Personal information
- National team: Italy
- Born: 29 August 1994 (age 31) Livorno, Italy
- Height: 1.84 m (6 ft 0 in)
- Weight: 79 kg (174 lb)

Sport
- Sport: Swimming
- Strokes: Freestyle
- Coach: Stefano Morini

Medal record
Men's swimming
Representing Italy
| Event | 1st | 2nd | 3rd |
| Olympic Games | 0 | 0 | 2 |
| World Championships (LC) | 1 | 0 | 2 |
| World Championships (SC) | 0 | 0 | 1 |
| European Championships (LC) | 1 | 3 | 4 |
| European Championships (SC) | 0 | 2 | 3 |
| Total | 2 | 5 | 12 |
Olympic Games
| Bronze medal – third place | 2016 Rio de Janeiro | 400 m freestyle |
| Bronze medal – third place | 2016 Rio de Janeiro | 1500 m freestyle |
World Championships (LC)
| Gold medal – first place | 2017 Budapest | 800 m freestyle |
| Bronze medal – third place | 2017 Budapest | 400 m freestyle |
| Bronze medal – third place | 2019 Gwangju | 400 m freestyle |
World Championships (SC)
| Bronze medal – third place | 2018 Hangzhou | 400 m freestyle |
European Championships (LC)
| Gold medal – first place | 2016 London | 400 m freestyle |
| Silver medal – second place | 2016 London | 800 m freestyle |
| Silver medal – second place | 2016 London | 1500 m freestyle |
| Silver medal – second place | 2022 Rome | 4×200 m freestyle |
| Bronze medal – third place | 2014 Berlin | 800 m freestyle |
| Bronze medal – third place | 2014 Berlin | 1500 m freestyle |
| Bronze medal – third place | 2016 London | 4x200 m freestyle |
| Bronze medal – third place | 2020 Budapest | 800 m freestyle |
European Championships (SC)
| Silver medal – second place | 2012 Chartres | 400 m freestyle |
| Silver medal – second place | 2015 Netanya | 1500 m freestyle |
| Bronze medal – third place | 2013 Herning | 1500 m freestyle |
| Bronze medal – third place | 2015 Netanya | 400 m freestyle |
| Bronze medal – third place | 2019 Glasgow | 400 m freestyle |

= Gabriele Detti =

Italian swimmer (born 1994)

Gabriele Detti (born 29 August 1994) is an Italian former competitive swimmer, who is a two-time Olympic medalist and the 2017 world champion of the 800 m freestyle.

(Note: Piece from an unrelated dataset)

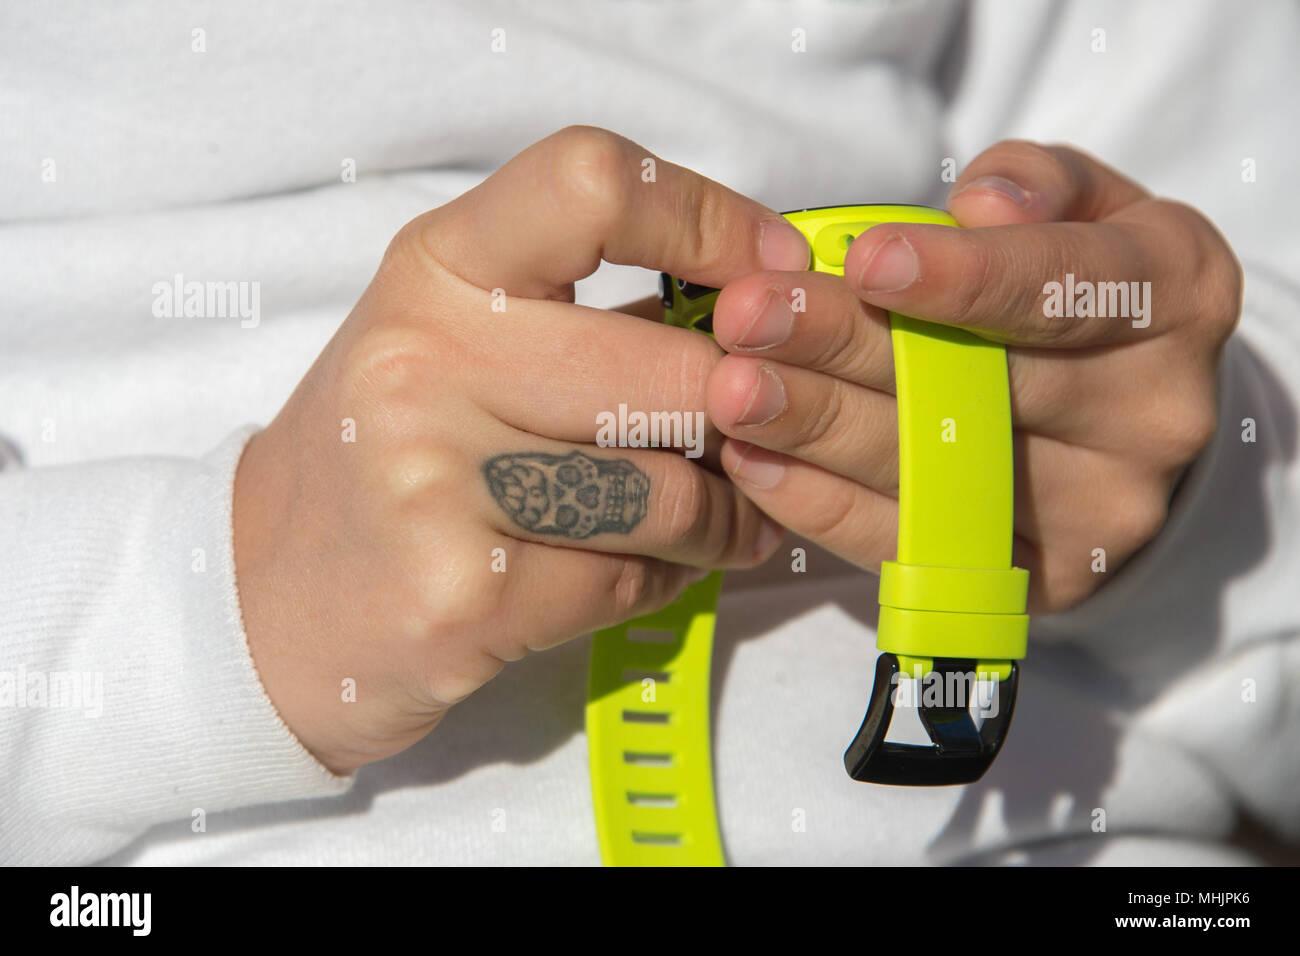 Frau Hande Mit Totenkopf Tattoo Halten Scuba Computer Ansehen

He competed at the 2012, 2016, and 2020 Summer Olympics.

==Career highlights==
At the 2012 Summer Olympics, Detti competed in the men's 1500 metre freestyle, finishing in 13th place overall in the heats, failing to qualify for the final. At the 2016 Summer Olympics, he won a bronze medal in the men's 400 metre freestyle as well as a bronze medal in the men's 1500 metre freestyle, race won by teammate Gregorio Paltrinieri.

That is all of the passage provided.